PROBLEM DETAILS - Copy the lines below exactly. No picture goes into the copy.

RAW DATA Block Start

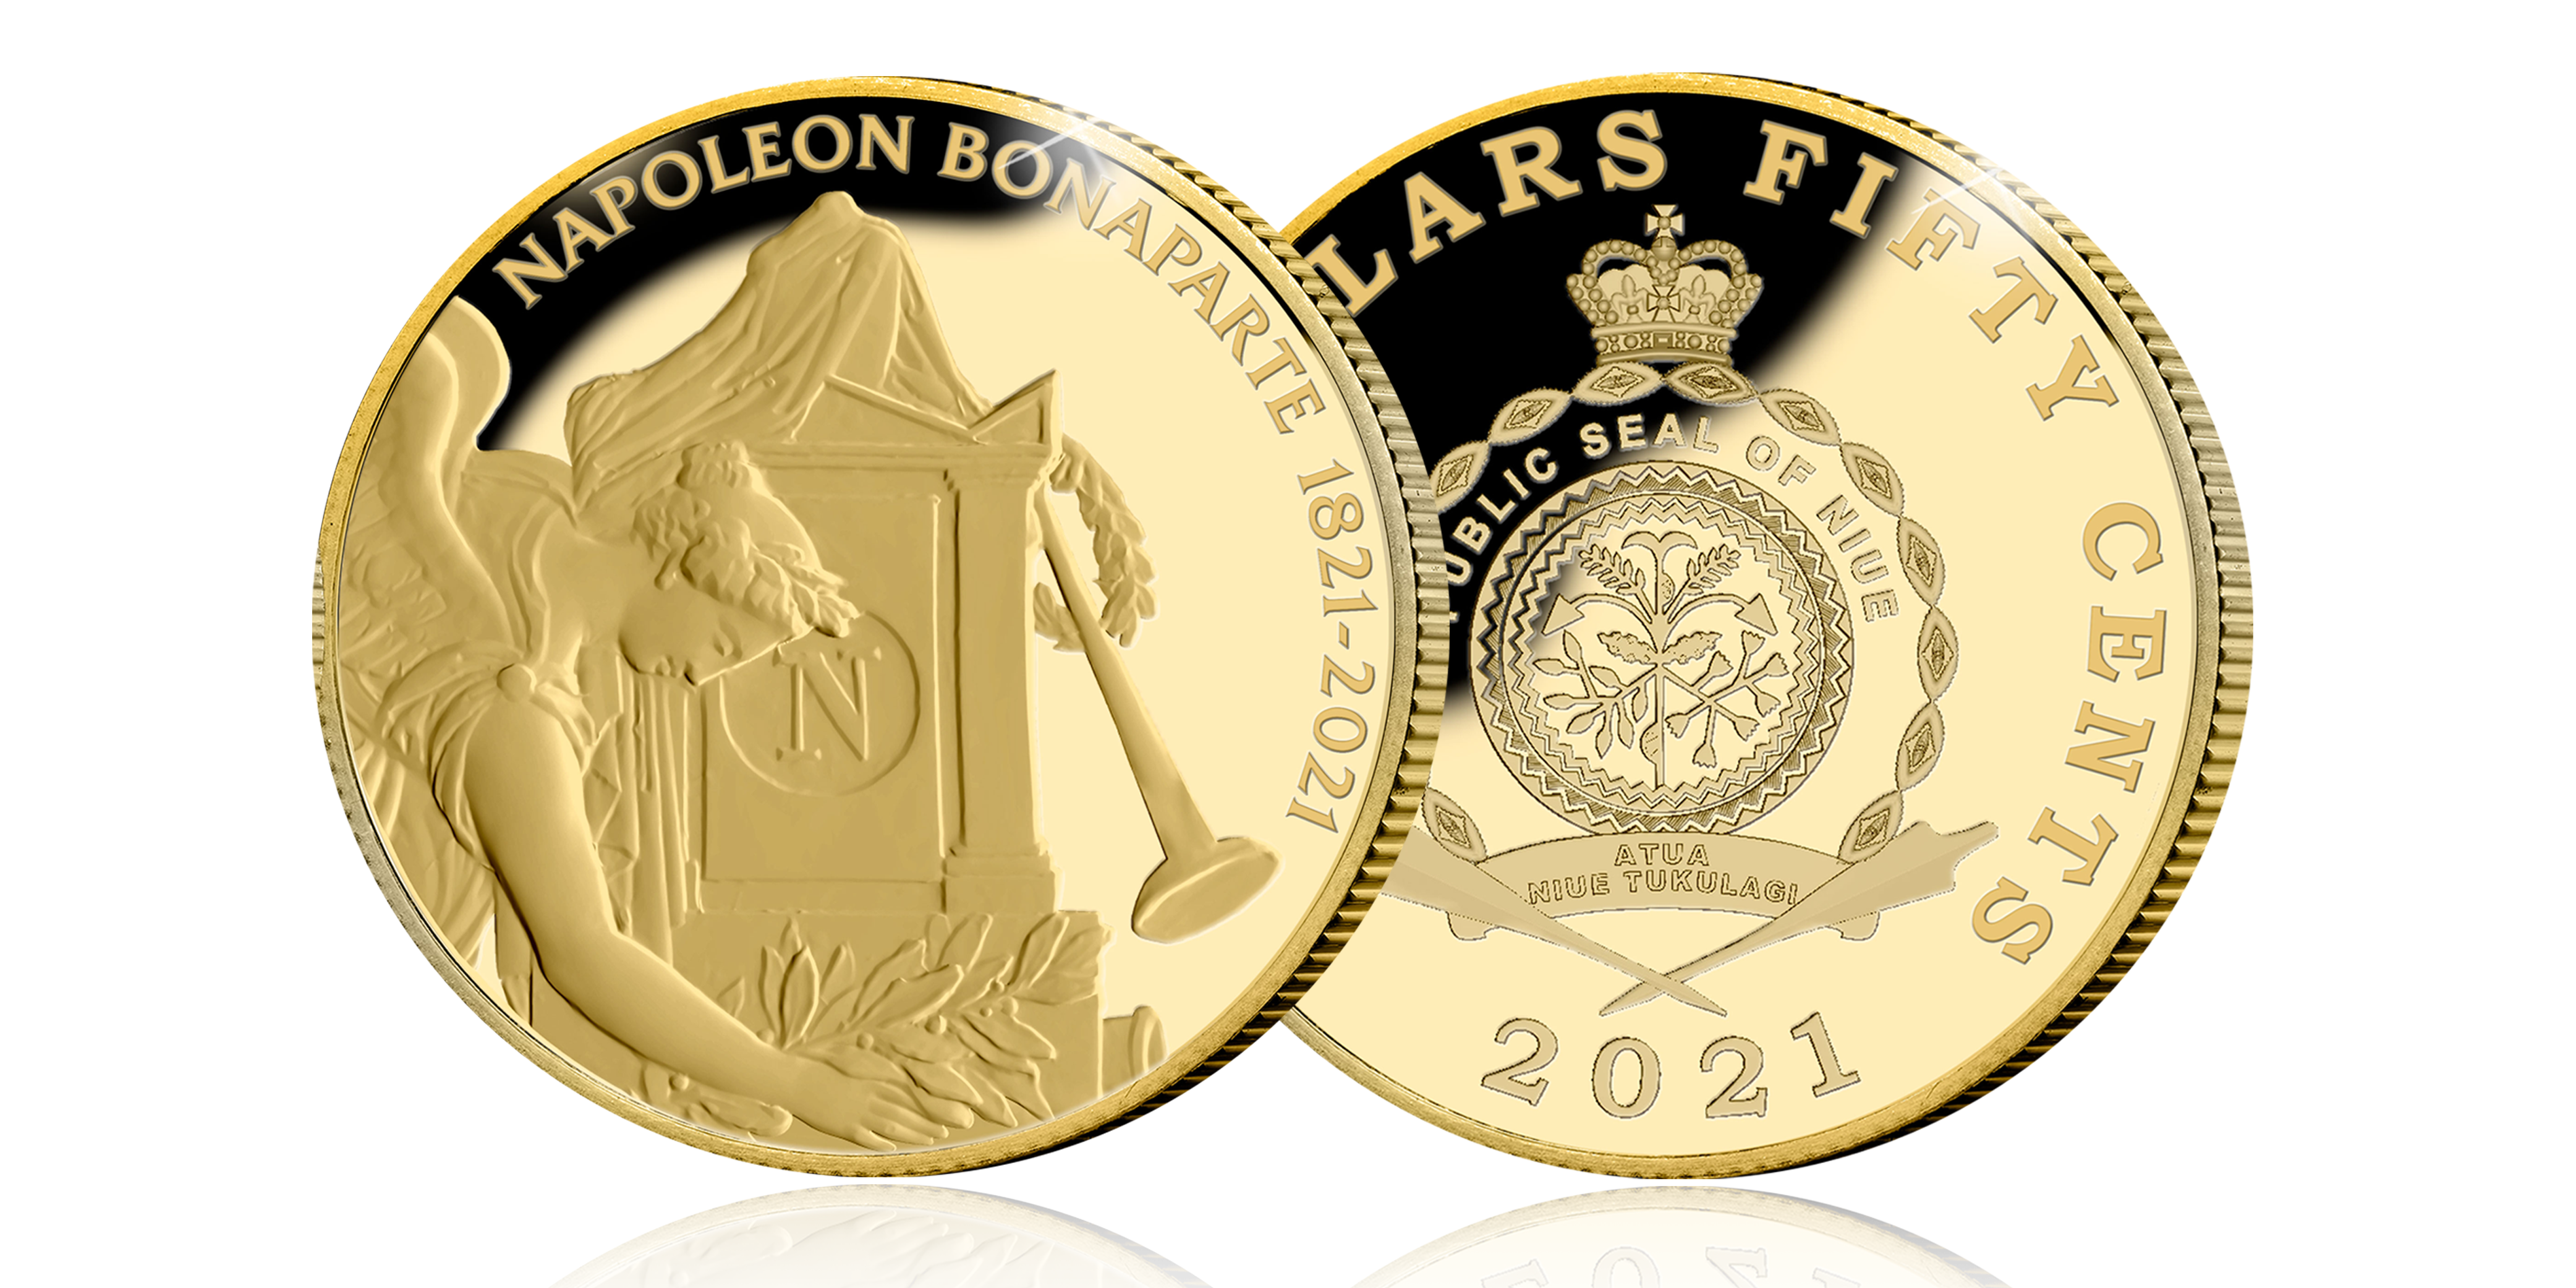 Commémorez le 200e anniversaire de la mort de Napoléon Bonaparte avec une pièce en or 24 carats avers revers
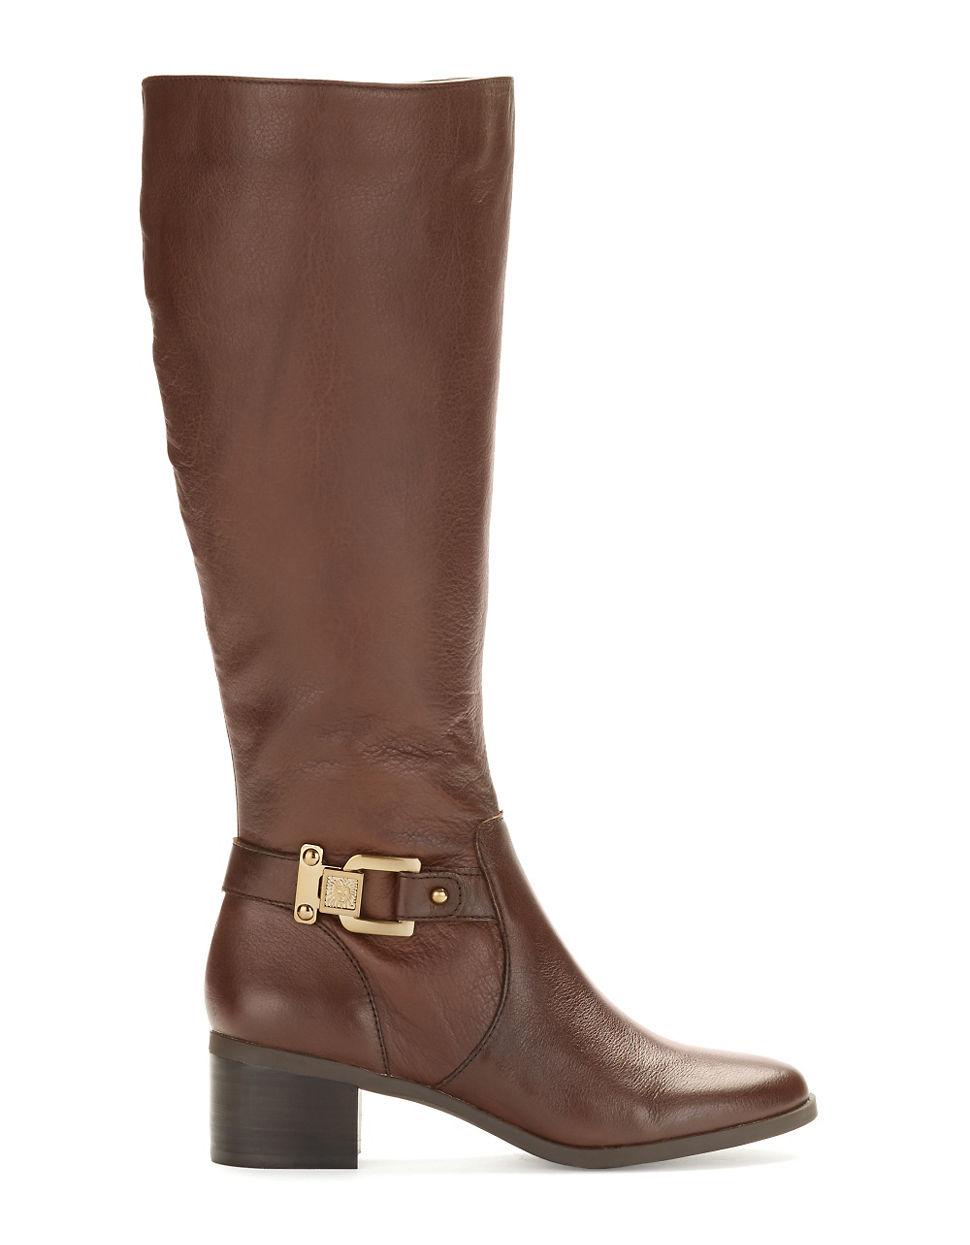 klein joetta wide calf boots in brown lyst
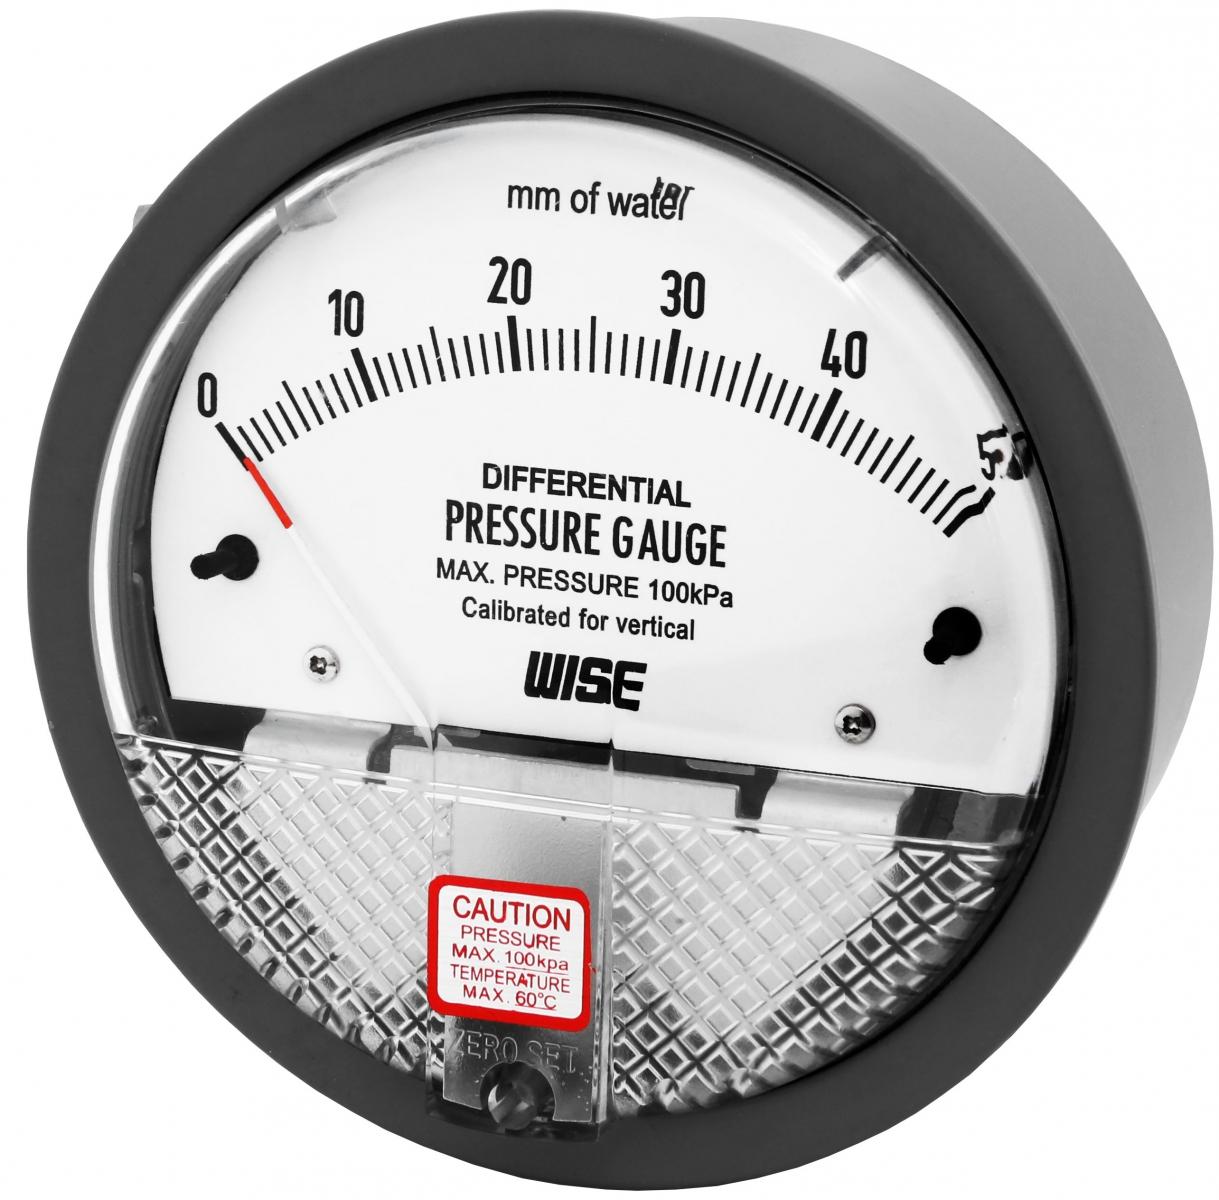 Đồng hồ đo chênh áp Wise P880 - Thiết bị đo chênh áp P880 - Wise Control Việt Nam

RAW DATA Block End

WRITTEN SOLUTION -
 Commémorez le 200e anniversaire de la mort de Napoléon Bonaparte avec une pièce en or 24 carats avers revers
 klein joetta wide calf boots in brown lyst
 Đồng hồ đo chênh áp Wise P880 - Thiết bị đo chênh áp P880 - Wise Control Việt Nam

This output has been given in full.